Loeb, who upped Third Point’s stake in Sotheby's from 5.7% to 9.3% today, describes the company as “like an Old Master painting in desperate need of restoration” in a letter submitted to the US Securities and Exchange Commission. He says that Sotheby’s recent announcements concerning a review of its business and the hire of a new chief financial officer were “belated” efforts and that Third Point's management remains “troubled” by Sotheby’s “chronically weak operating margins and deteriorating competitive position relative to Christie’s”.
Later in the letter, Loeb says that Sotheby’s decision to focus only on high-end clients and works, and “shun the lower value lots”, enabled Christie’s to capture market share “by leveraging new technologies”. This, says Loeb, is “just one of many examples where a lack of leadership by a sleepy Board and overpaid executive team has resulted in missed new opportunities”. He writes: “our research suggests Sotheby’s crisis of leadership has created dysfunctional divisions and a fractured culture. There is a demoralising recognition among employees that Sotheby’s is not at the cutting edge—demonstrated by the Company’s inability to even develop a coherent plan for an internet sales strategy, much less implement one.”
Turning to Ruprecht personally, the letter talks of his “generous pay package” (his total compensation in 2012 was $6.3m), particularly relative to his own holding of Sotheby’s stock (0.22% of the business). Loeb writes that “a review of the company’s proxy statement reveals a perquisite package that invokes the long-gone era of imperial CEOs: a car allowance, coverage of tax planning costs, and reimbursement for membership fees and dues to elite country clubs.”
Also highlighted are “numerous anecdotes of waste” that Loeb says his company heard about “in the course of our investigation”. These include “a recent offsite meeting consisting of an extravagant lunch and dinner at a famous ‘farm-to-table’ New York area restaurant where Sotheby’s senior management feasted on organic delicacies and imbibed vintage wines at a cost to shareholders of multiple hundreds of thousands of dollars.”
While acknowledging that Ruprecht was an “able steward” following both the price-fixing scandal that engulfed both Sotheby’s and Christie’s in 2000, and through the global financial crisis in 2008, the letter calls for him to “step down from your positions as chairman, president and chief executive”, and for the roles of chairman and chief executive to be separated for his successor (this is recommended best practise in the UK). Loeb says he is “willing to join the board immediately” to “help recruit several new directors who have experience [in] increasing shareholder value, share a passion for art, understand technology and expanding geographic footprint.”
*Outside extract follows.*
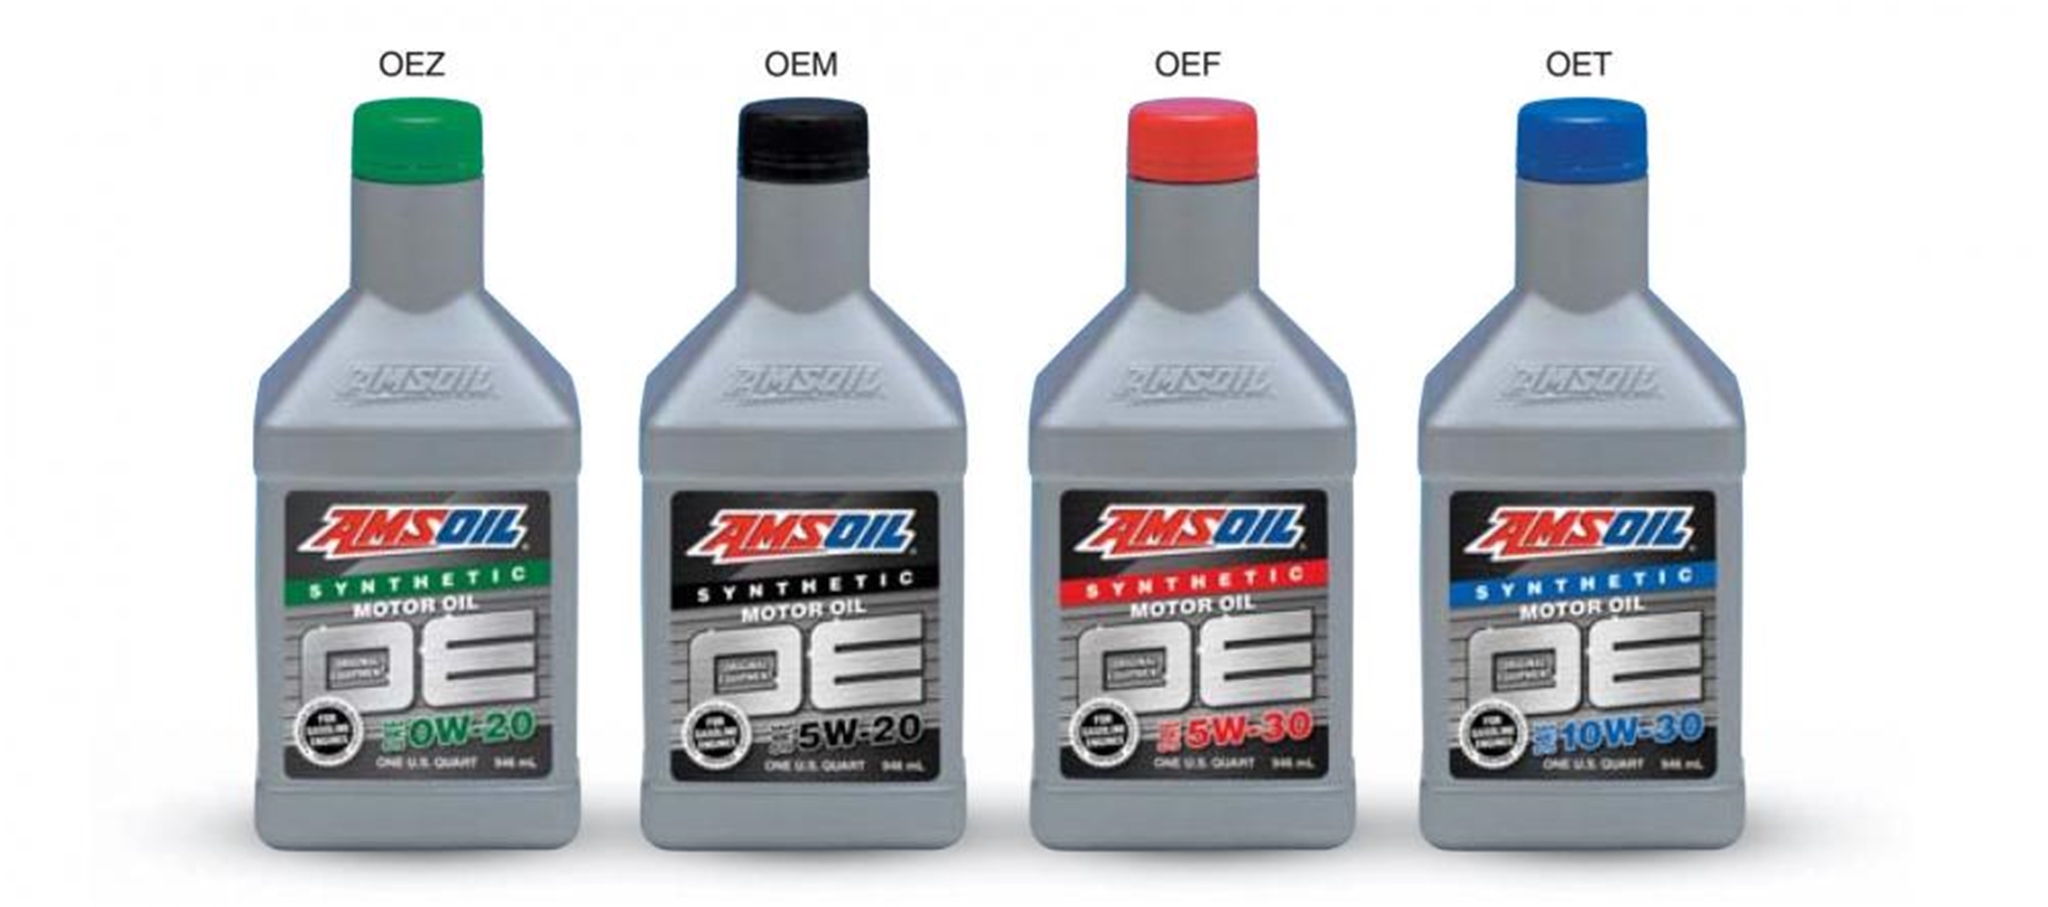 OE Synthetic Motor Oils

Ruprecht joined Sotheby’s in 1980 and has been its chief executive since 2000. A Sotheby’s statement says that “rather than debating incendiary and baseless comments, we are focused on serving our clients’ needs during this critical autumn sales season, including this week in Hong Kong, where our offerings are 77% higher than the same series last year—the highest estimate of any Sotheby’s sale in Asia.” The group says that it has produced “superior results—including a share price increase exceeding the Standard & Poor’s Midcap index over the one, five and ten year periods” and that its “comprehensive capital allocation review already underway demonstrates” its efforts to “optimise the balance sheet, improve the cost of capital and manage financial policies in a way that supports Sotheby’s strategy and delivers outstanding value to shareholders.” The auction house says that it will respond to the Third Point letter “at the appropriate time”.
In morning trading, Sotheby's shares remained flat at $49.93.